Even science reporters are having a hard time keeping up with what materials science has been up to lately. With no disrespect to them really intended, they can just about keep up with the semiconductor world's concept of tracking "holes" rather than electrons, but it seems like going any farther into the quasiparticle world is just too much for them. It's rare to see an article that doesn't have some sort of verbiage that indicates the reporter doesn't really understanding what's going on, if indeed I've ever seen one at all.
Often, I'll read a science article in a blog, or local newspaper, or general-interest magazine. I'll see something obviously incorrect, and say "well, it's not a science outlet, they can't be expected to know the science that well, and they're just explaining it to lay people anyway, so it's good enough. I'll double check this with a reliable science news source."
But you'd think if anyone could get it right, and trust their readers to care about them getting it right, it would be Nature! If Nature is going to start going to lower their standards to go after clicks, I dunno what reliable source I'm supposed to double check things with.
> If Nature is going to start going to lower their standards to go after clicks, I dunno what reliable source I'm supposed to double check things with.
Reddit.
I'm serious. If you search for the discussion about the news article on a right subreddit, or HN, or spelunk Twitter enough, there's a good chance you'll find a domain expert - sometimes even the paper's author themselves, or someone who works with them - explaining the science correctly and/or pointing out the bullshit in the press report.
(I wonder if it wouldn't be more efficient if scientists were writing press releases themselves, and the journalists/PR people would be chasing grants for them instead. It seems like a better match for their individual skills anyway.)

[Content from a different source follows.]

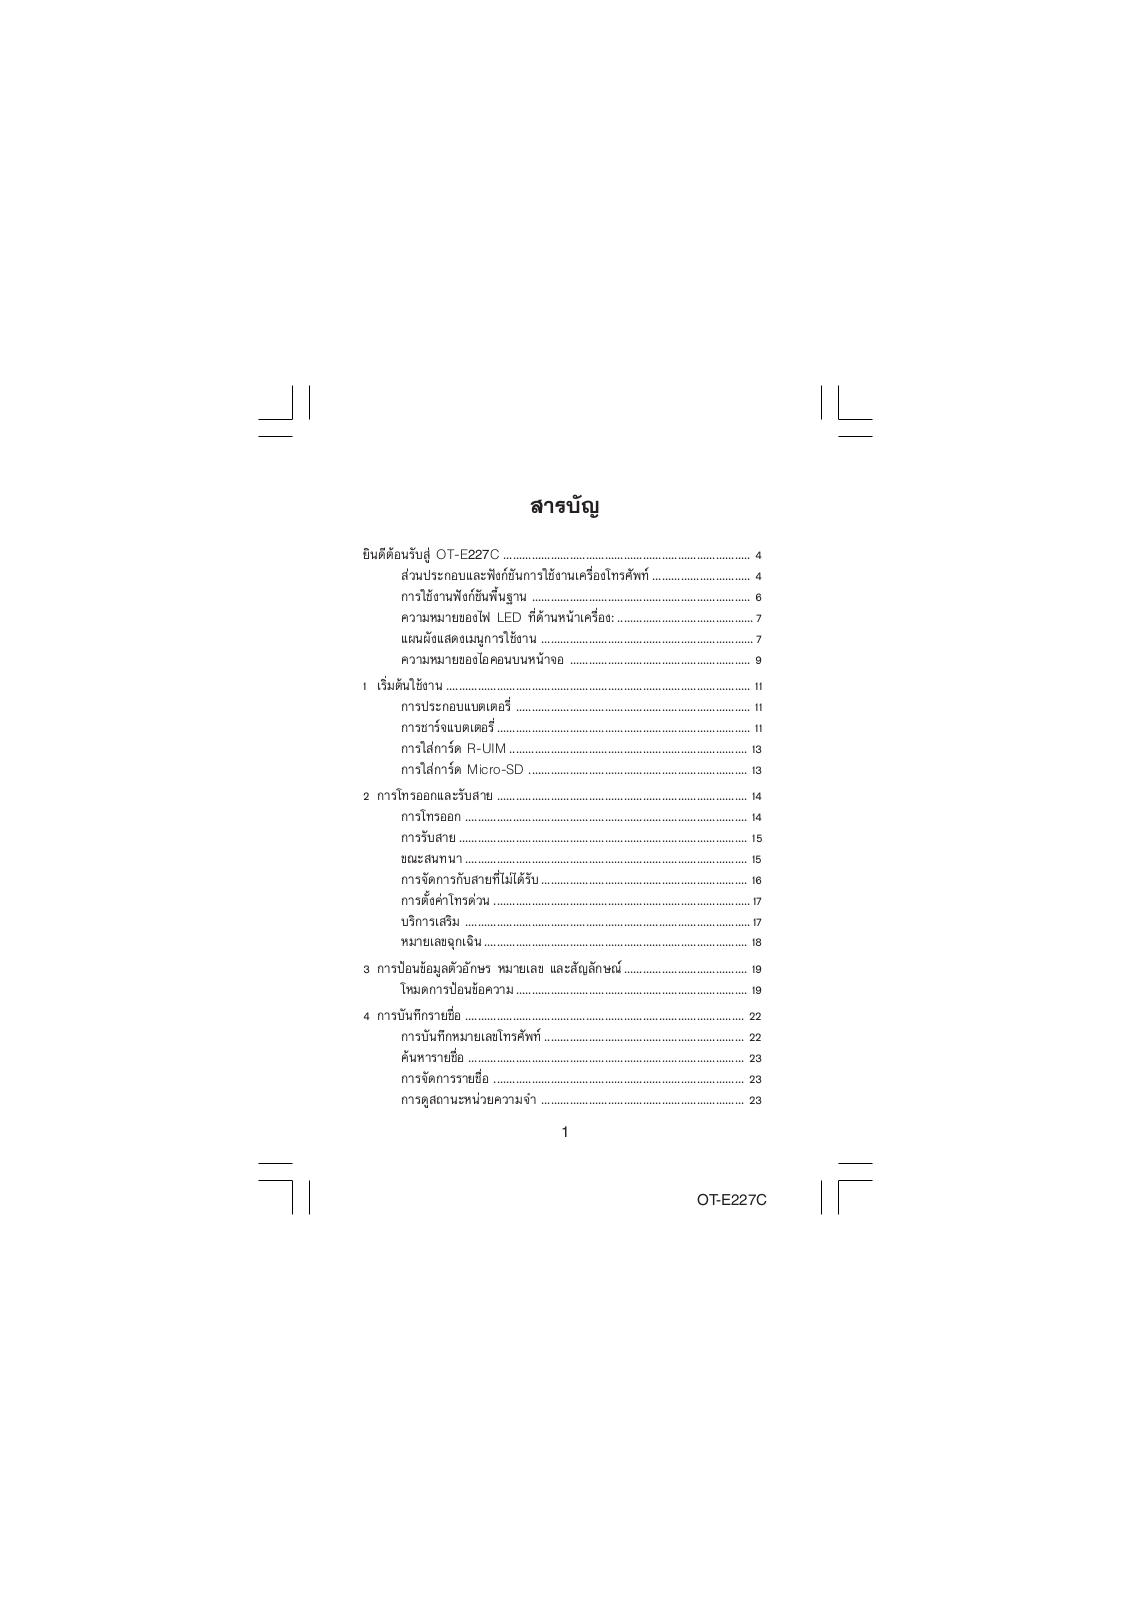 Alcatel OT-E227C User Manual

>I wonder if it wouldn't be more efficient if scientists were writing press releases themselves
Agree, and I think everyone here has experienced the phenomenon where someone on reddit/HN/twitter has explained something far better than a media outlet. The thing to keep in mind when trying to understand this is that absolutely __everyone__ responds to incentives. With a news organization, no matter what that organization is or their goals, the chief incentive is readership, not accuracy or anything else. Not saying that the writers are anything other than well intentioned and honest or that they don't care deeply about the truth, but the reality of mortal existence is to maximize behaviors that you believe benefit you.
A news org is benefited by people reading what they say, not by being right. Reddit/twitter/HN often is a better source of truth because people often post because they have a desire to be heard, be understood, share information, tell the truth or some other reason that does not involve selling ads against you reading what they say.
> Agree, and I think everyone here has experienced the phenomenon where someone on reddit/HN/twitter has explained something far better than a media outlet.
I've experienced the opposite, though, too.
Posts with thousands upon thousands of upvotes and a little comment with a dozen saying "this is entirely wrong, and here's a bunch of proof, and here's an expert explaining it properly".
That's not really the opposite. That comment with the correction is a part of the submission that's being upvoted.
I do this myself, too: if the discussion underneath a HN submission rescues an otherwise bad article, or even develops into a completely unrelated but interesting tangent, I'll happily upvote it. Sometimes the only value of the submitted article is in the discussion it starts - but that still makes the particular submission valuable.
> “Briefly stated, the Gell-Mann Amnesia effect is as follows. You open the newspaper to an article on some subject you know well. In Murray’s case, physics. In mine, show business. You read the article and see the journalist has absolutely no understanding of either the facts or the issues. Often, the article is so wrong it actually presents the story backward—reversing cause and effect. I call these the “wet streets cause rain” stories. Paper’s full of them.
> In any case, you read with exasperation or amusement the multiple errors in a story, and then turn the page to national or international affairs, and read as if the rest of the newspaper was somehow more accurate about Palestine than the baloney you just read. You turn the page, and forget what you know.”
– Michael Crichton (1942-2008)
I think this is the same argument made by Veritasium - poorly summarized: do whatever it takes to hook people in that have never heard the topic before, then teach them something new.